Best Practice Configuration Management (Ansible/Fabric/Chef/...) Deployment/Continuous Integration and Delivery DevOps general Distributed Systems
Do you find easier to build a 3894 pieces IKEA’s furniture than using K8s?
Kubernetes 101 for Python Developers is here to help!
During this training we will discover how to use a GKE (Google Kubernetes Engine) cluster to deploy Python production ready applications using Kubernetes. After a theoretical introduction there will be hands on trainings units.
In the workshop we will cover:
Intro and recap about Docker and Kubernetes
- Brief recap about docker command (build, run, ps, logs) and Docker files
- Kurbernetes and Docker
- The Kubernetes architechture
- How to run kubernetes
Run a Kubernetes cluster using Terraform and GKE
- Intro to GKE
- Running your own cluster VS using GKE
- Why running your cluster inside GKE is a good idea
- Create&Destroy your first cluster using Terraform
Let’s run our application locally
- Introducing our application
- Structure of our application’s repository
- Running our application locally
Kubectl and our first deployment
- Kubectl, the Kubernetes CLI
- Imperative vs Declarative
- Use kubectl to introspect our cluster
- Run our application using kubectl (imperative)

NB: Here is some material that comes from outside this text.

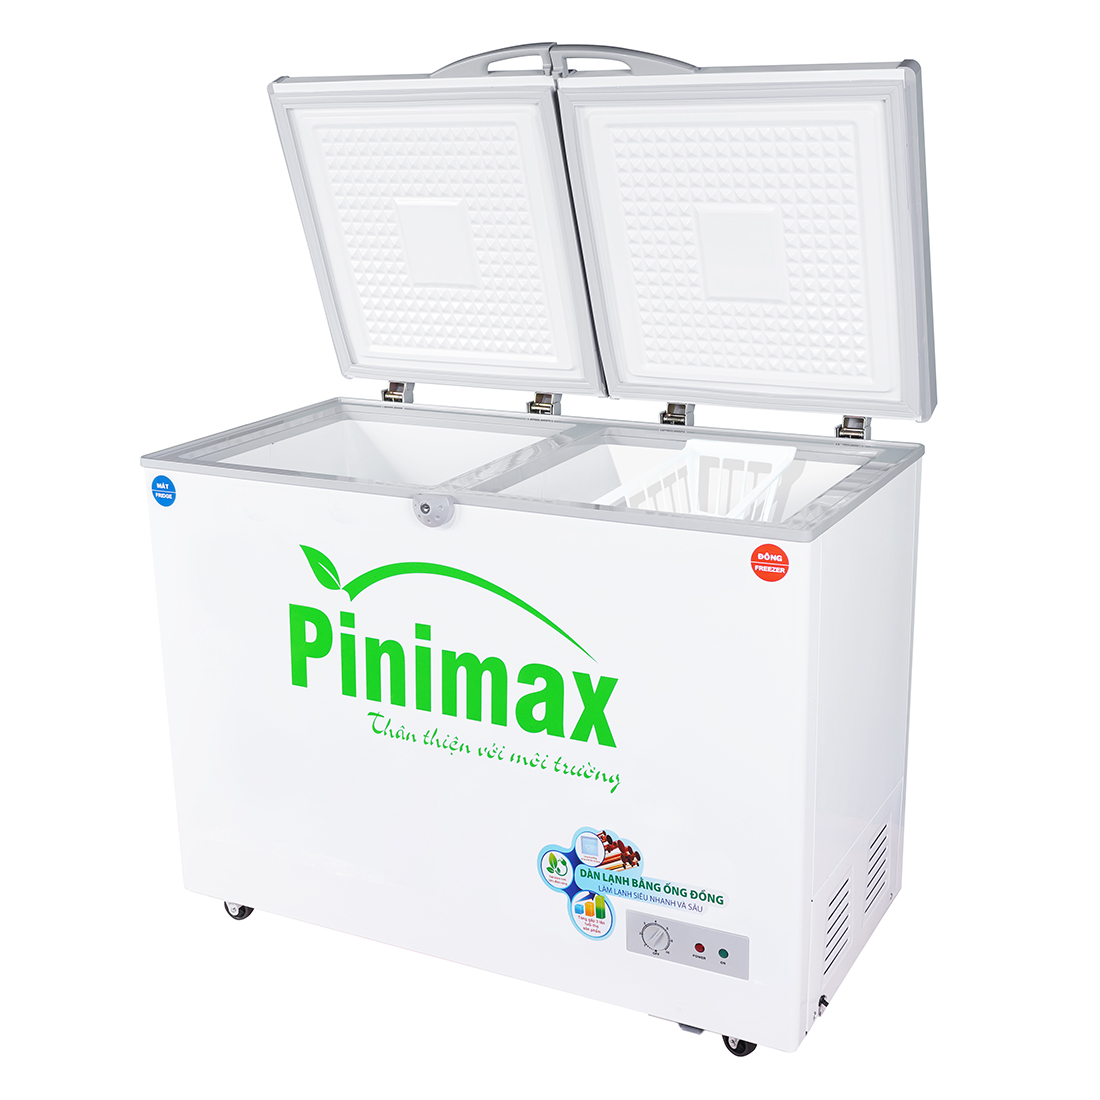 Tủ đông Pinimax PNM29WF

- Run our application using kubectl and yaml (declarative)
- Exposing our application
- Volume and permanent data
- Multiple namespaces
- Metrics and monitoring
- Labels, taints and tolerations
- Tips on security
Type: Training (180 mins); Python level: Intermediate; Domain level: Intermediate
I am Senior Software Engineer, Tech Lead and speaker living in Berlin where I work at infarm, one of the top 10 startups in Berlin.
My focus is on microservices, event-driven architecture, devops for microservices and machine learning and data engineering.
I am an active member of the tech community in Berlin, organizer of PyCon DE and a Python Software Foundation Fellow.